I currently have a 2010 GMC Acadia with a tow package (towing capacity of 5200 lbs). I'm towing a 2006 Outback 26RS. I want to upgrade to a larger tow vehicle, most likely a Chevy Tahoe, not sure what year yet, but with a v8 and a towing capacity of around 8200 lbs. My question is, will I get better gas mileage while towing with a v8 engine vs. a v6 engine? I know the v8 will handle towing better, but my Acadia does a decent job with the towing, although it's pretty close to the capacity for towing our Outback. I just want know if it's worth upgrading if I'm only looking for better gas mileage while towing. I know the other benefits would be better towing and safety since my Outback is close to the towing capacity of my Acadia. But that aside, I just want to know what the other benefits would be of upgrading to a vehicle with a larger engine and higher towing capacity.


----------



## Leedek (Nov 28, 2010)

I tow my 210RS with a 2003 Silverado 1500 RWD with the 5.7 Liter V8. I am not the fastest in the mountains but I get through without problems.
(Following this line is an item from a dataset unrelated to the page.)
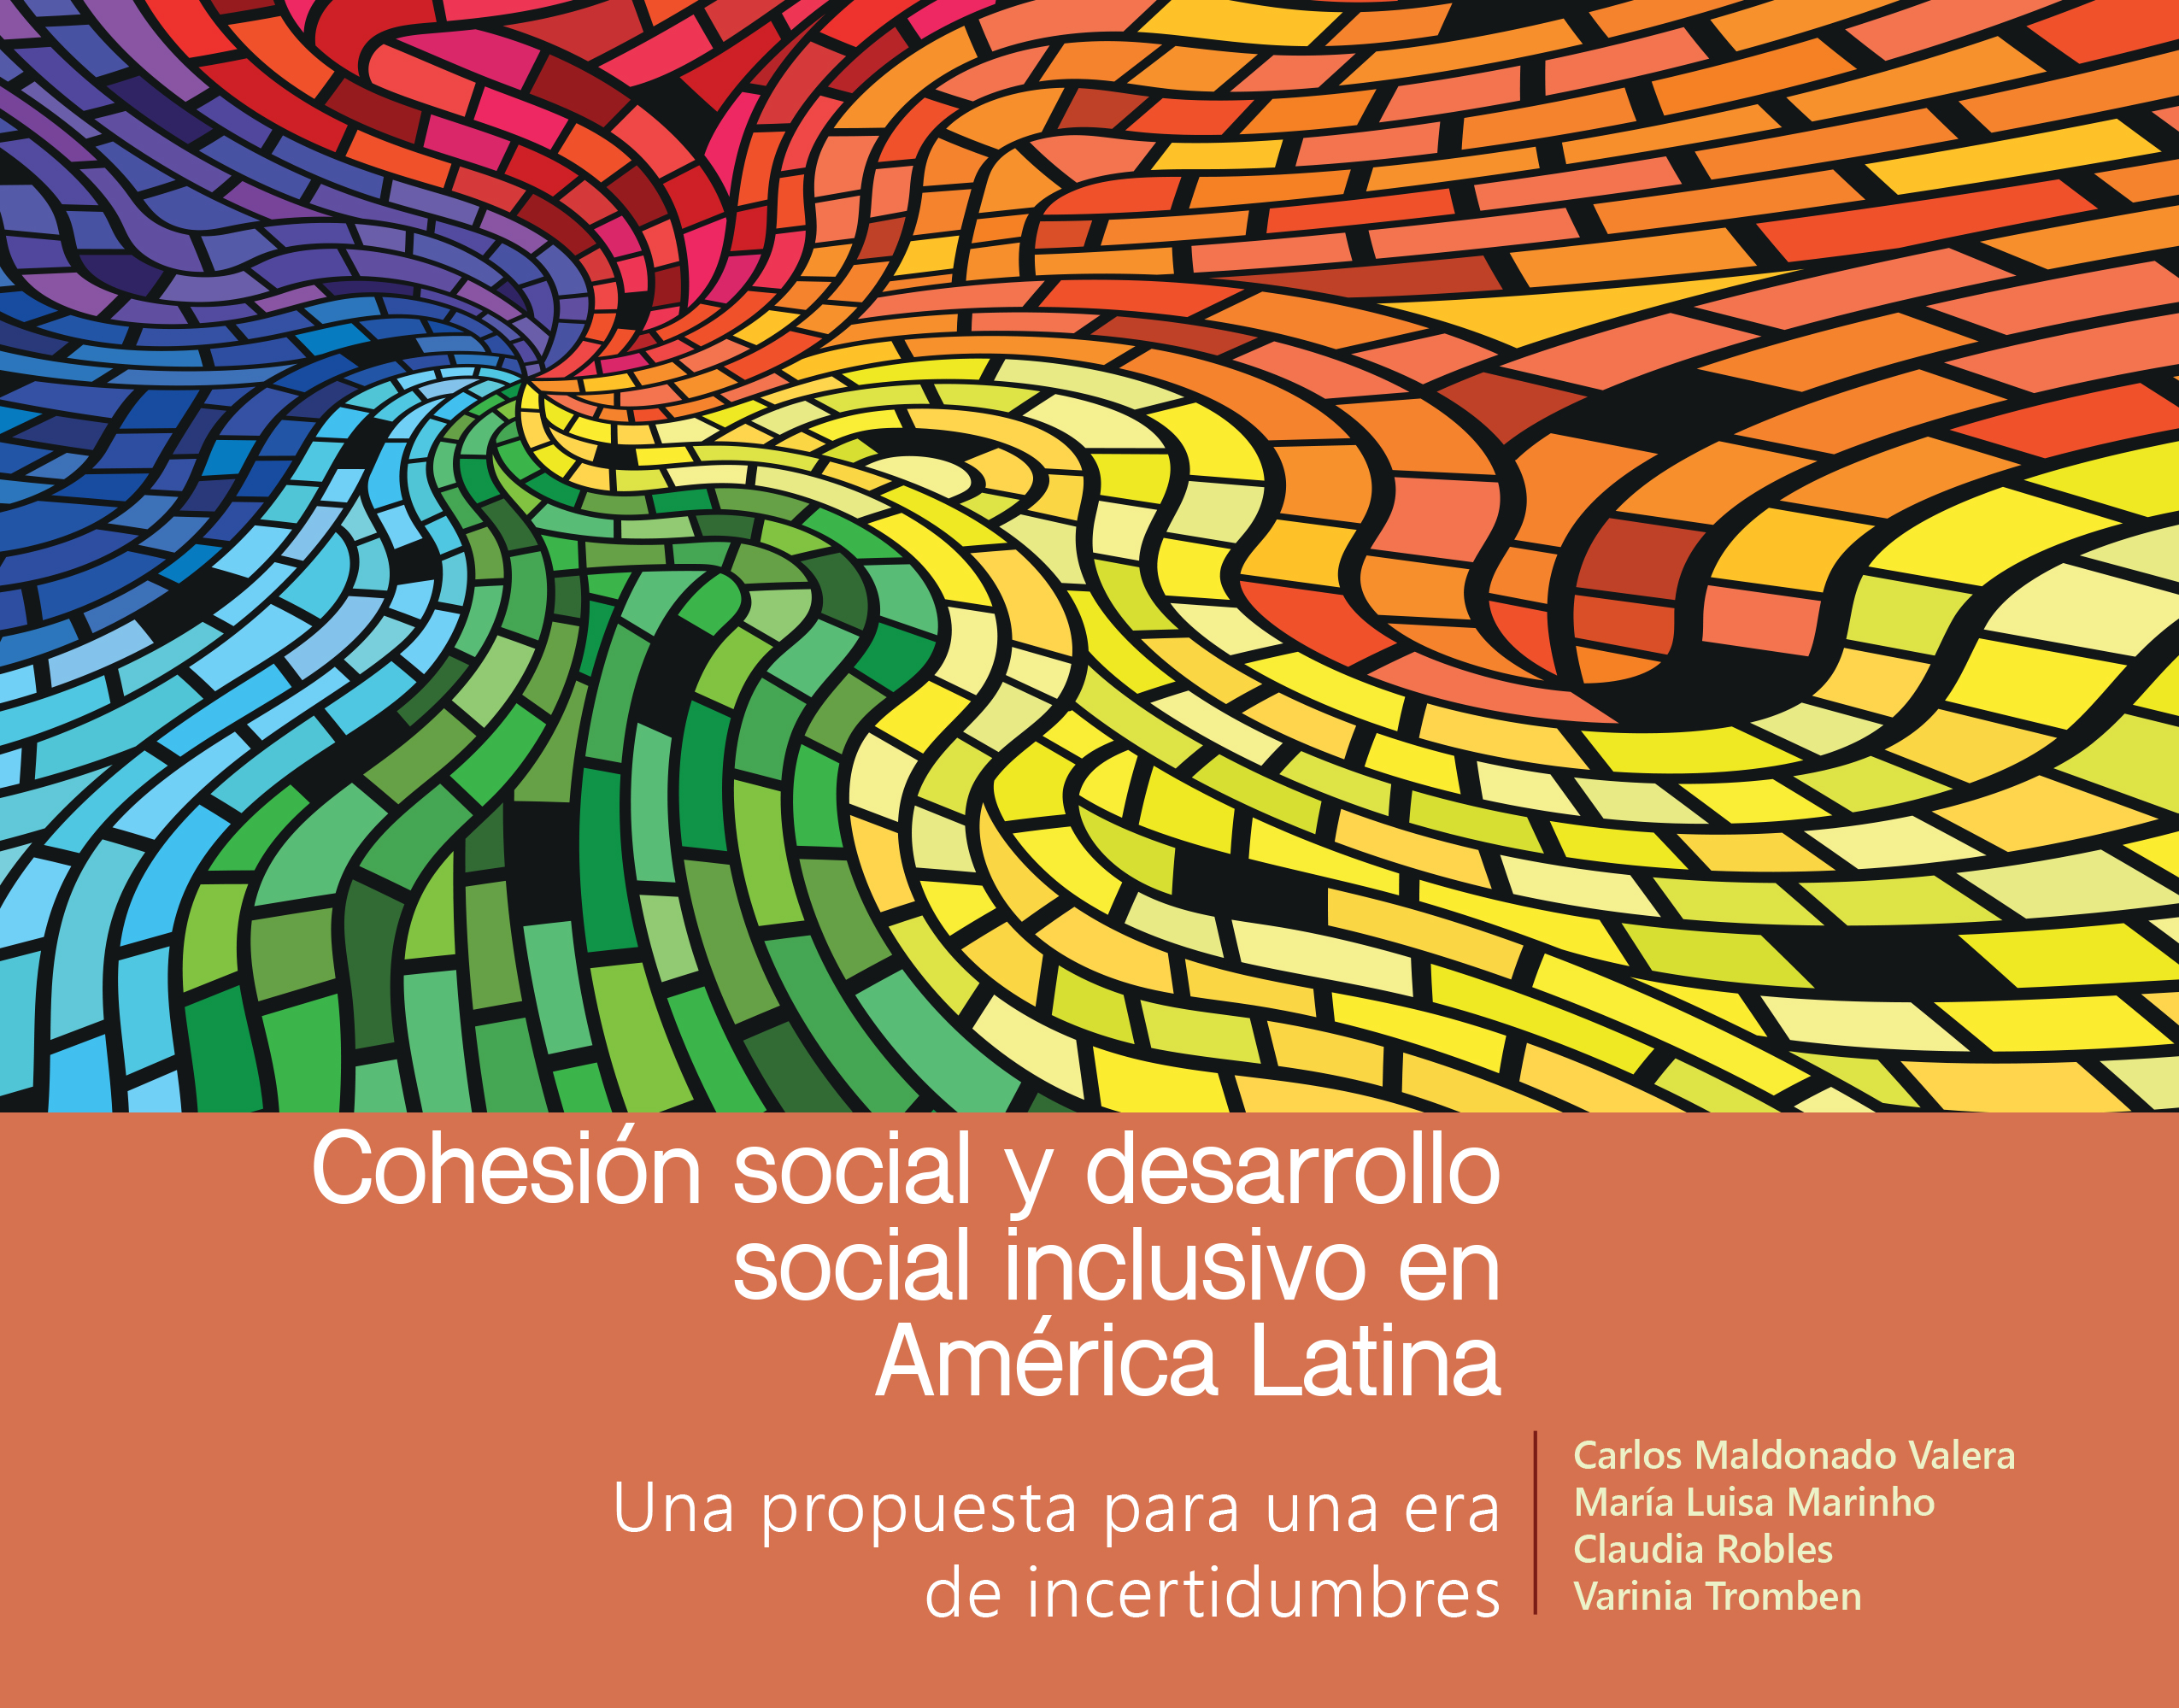 Seminario Internacional Virtual con motivo del lanzamiento del documento “Cohesión social y desarrollo social inclusivo en América Latina: una propuesta para una era de incertidumbres”

I have towed the trailer approximately 25,000 miles since it was new in May 2011. I average 11.5 - 12 MPG. If I knew then what I know now I would I would have purchased the Silverado 2500 with the same specs.

IMHO - Bigger is better but I don't need biggest! :drive1: Drive safe!!


----------



## cdawrld (Jul 31, 2011)

Just want to throw a V6 diesel in to the mix. I tow my 230rs with a Audi Q7 TDI. Full packed with Karting equip and water weighs #6400. Getting 12-14mpg depending on road grade, 65mph. Empty trailer #5000 is still 14mpg. Probably due to aero resistence.
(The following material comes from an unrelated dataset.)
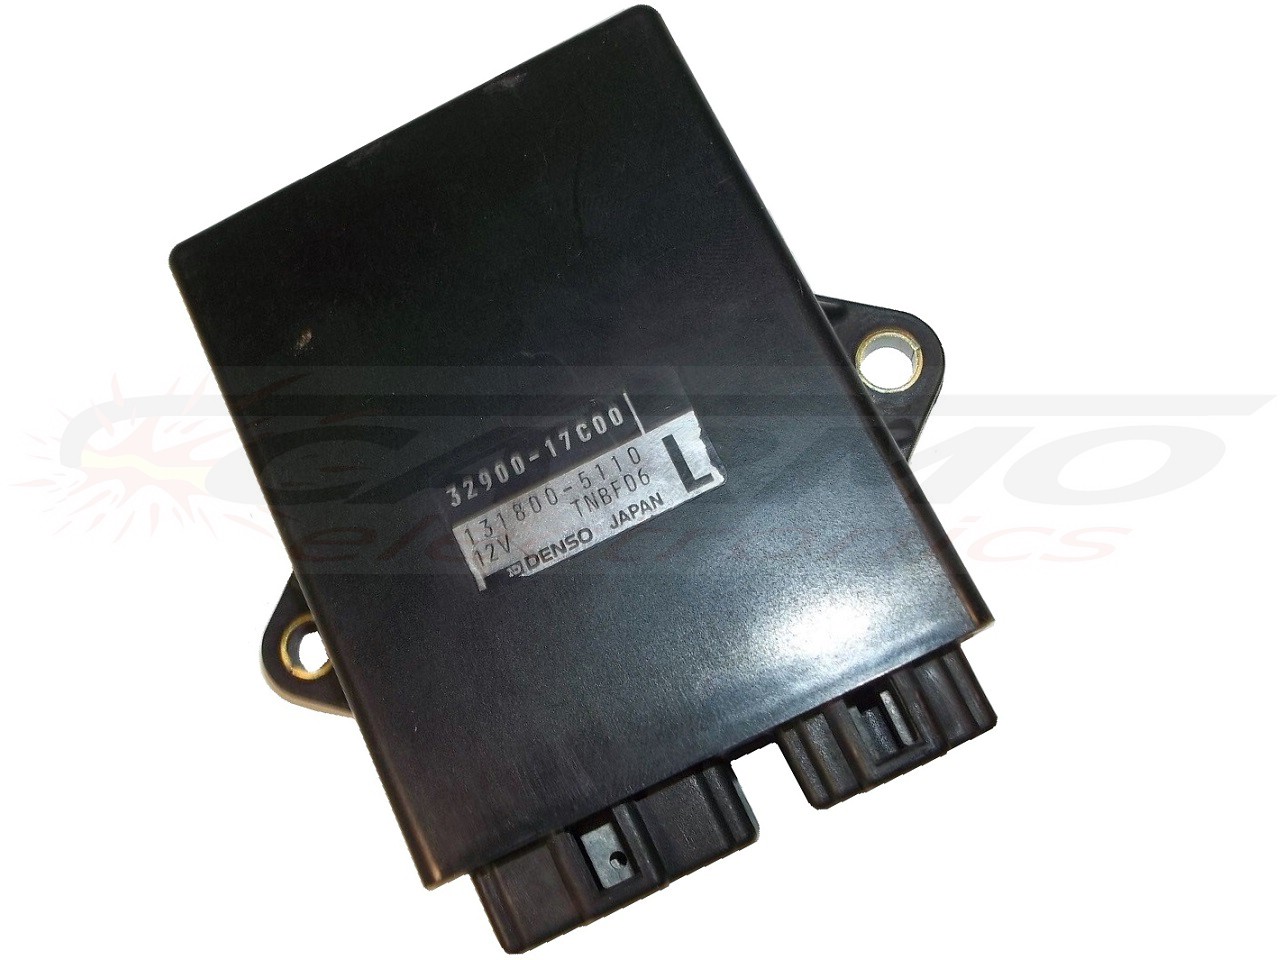 GSXR750 GSX-R750 TCI CDI dispositif de commande boîte noire (32900-17C00, 32900-17C10)

Consider a diesel. The additional cost is worth the added torque. The extra mileage and what my wife hates most. We can tow 6 hours between fill ups.


----------



## Snow (Sep 27, 2011)

The diesel aside for now, I think you'll find the small v-8s like the 4.7 from Dodge and most of the v-6's will rev higher and in the end use more gas then a larger v-8 like the 5.7 .. In day to day driving the smaller the engine the less fuel you use, but for towing go with the bigger engine.. UNLESS you go with something like the ecoboost from Ford, I know a few folks who use them for towing and claim they are very efficient and effective doing so..


----------



## thefulminator (Aug 8, 2007)

I tow a 2013 250RS with a 2009 Silverado 1500 4x4 crew cab, 5.3L V8 with six speed automatic, tow package and HD cooling. Up mountains about 8 mpg, on the flats I have gotten 9.5 mpg at times. Besides the mpg, check the gas tank size. Do the math and you may be surprised that you can't go very far without a fill up.


----------